‘He’s rather fun, isn’t he,’ said Emily.

  ‘He promised to forsake all others —’

  ‘Naturally,’ said Blaise, ‘I value your observations and your advice, and I’m sure it’s very charming of you to come here and hold my wife’s hand and offer her your protection, whatever that means -’

  ‘Stop drivelling, Edgar,’ said Monty, ‘come with me.’ He tried to take Edgar’s arm, but was shaken off. Harriet made a holding gesture.

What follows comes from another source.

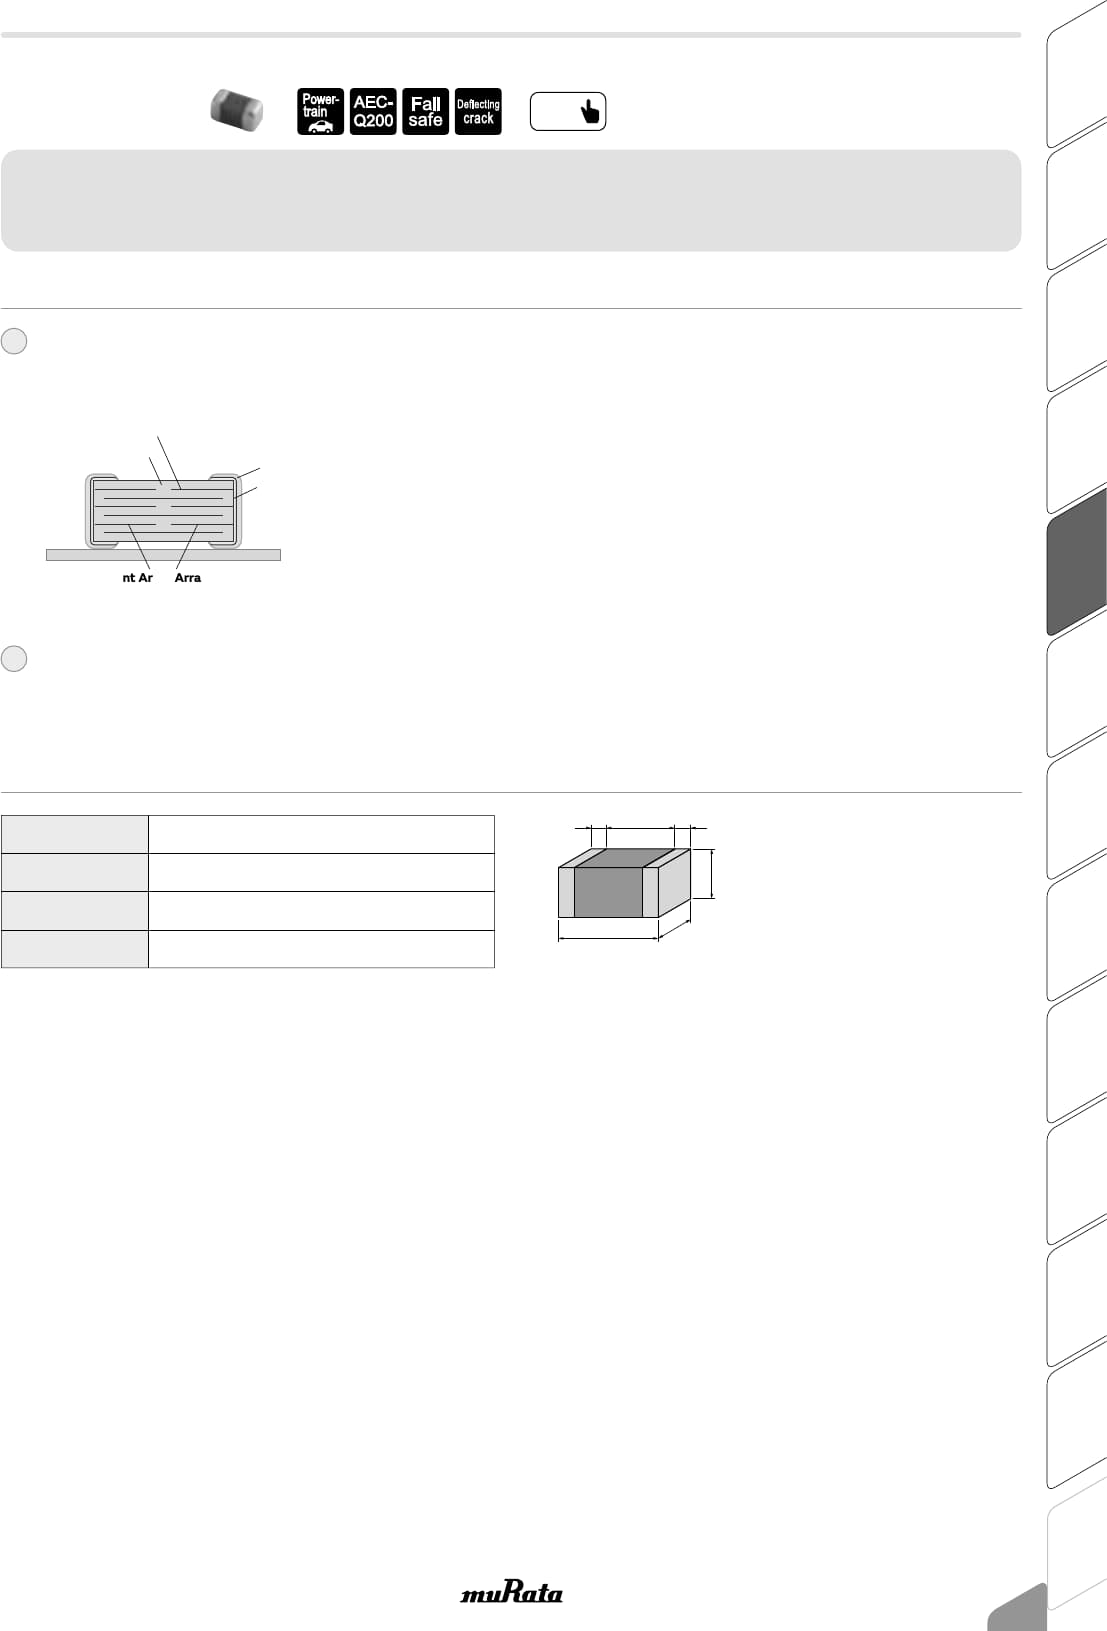 hight resolution of grt seriesgcm seriesgc3 seriesgcd seriesgce seriesgcg series gcj serieskcm serieskc3 serieskca series nmf series

  ‘Because you are good you think that you can save them, but it is they who will defile you. You must not assent to what is wrong, that is not what the Gospel requires. You are a believer in Christian marriage. One must be in the truth and you are not. You must come away so that he can see what he has done. As it is he sees nothing. This is a lie, this man’s lie, and he must live it and undo it. But you have put him in a position where he cannot stop lying. No one here, not even you, is good enough to redeem this thing. They will not tolerate your forgiveness, in the end they will hate you for it, they will go on intriguing as they have always done, they will not even be able to help it, and you will find too late that you have not been a healer but an accomplice of evil. He must decide, he must choose, that is where he has put himself. He has not acknowledged his fault, he is continuing in it, and you will be eternally his victim, abandoning him to wicked ways and conniving at his sin. For his sake you must not allow this foul thing to continue.’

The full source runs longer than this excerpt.